■ How to complete this task: Find the line with "Creative & Corporate" and the line with "wegański obiad makaron meet without meat" in the entries below; output exactly those two lines, every line between them, and no others.

■ Supplied data:
++++++++++
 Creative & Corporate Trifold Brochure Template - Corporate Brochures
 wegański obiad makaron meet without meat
++++++++++
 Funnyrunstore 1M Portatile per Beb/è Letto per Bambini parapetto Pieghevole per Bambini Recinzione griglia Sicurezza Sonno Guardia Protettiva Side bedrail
++++++++++
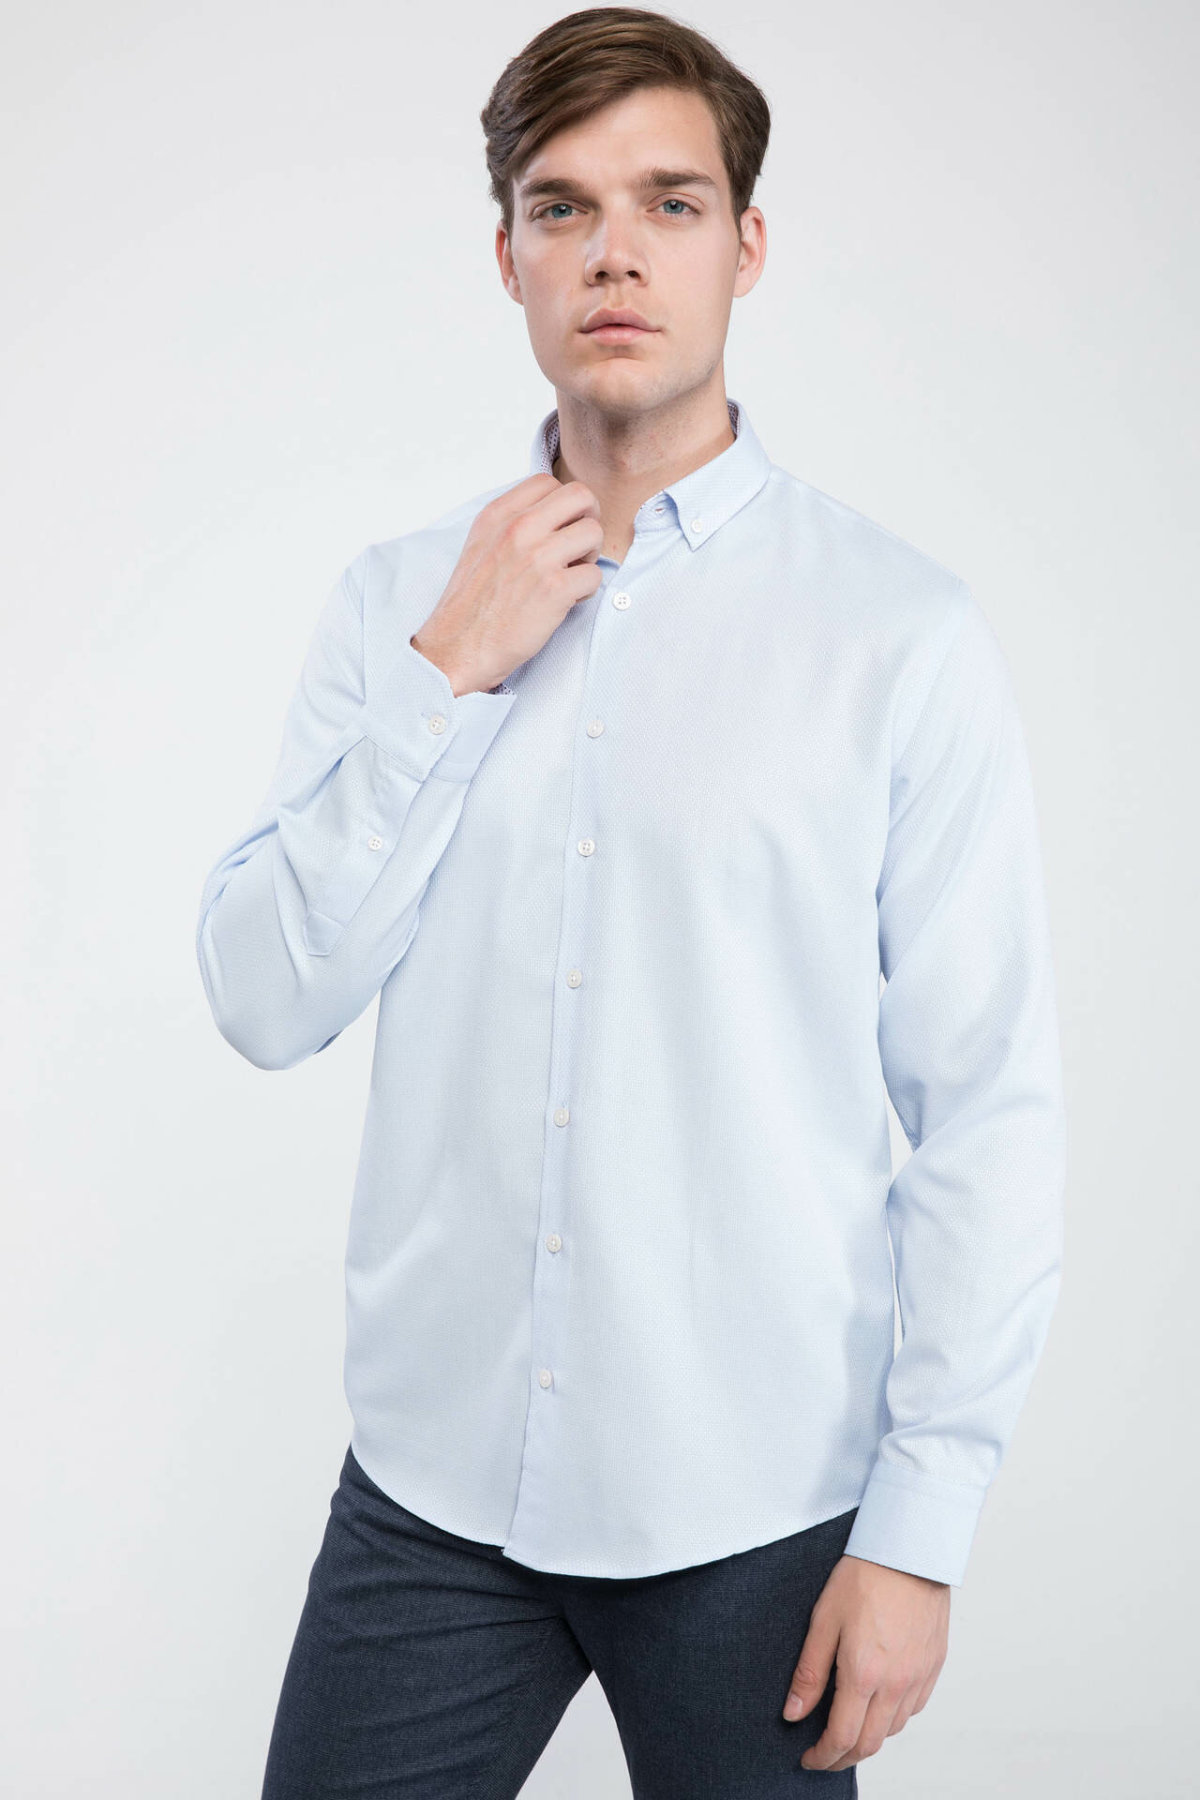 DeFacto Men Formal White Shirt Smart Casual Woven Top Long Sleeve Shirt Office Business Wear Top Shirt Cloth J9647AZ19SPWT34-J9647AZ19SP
++++++++++
■ Result of this task:
 Creative & Corporate Trifold Brochure Template - Corporate Brochures
 wegański obiad makaron meet without meat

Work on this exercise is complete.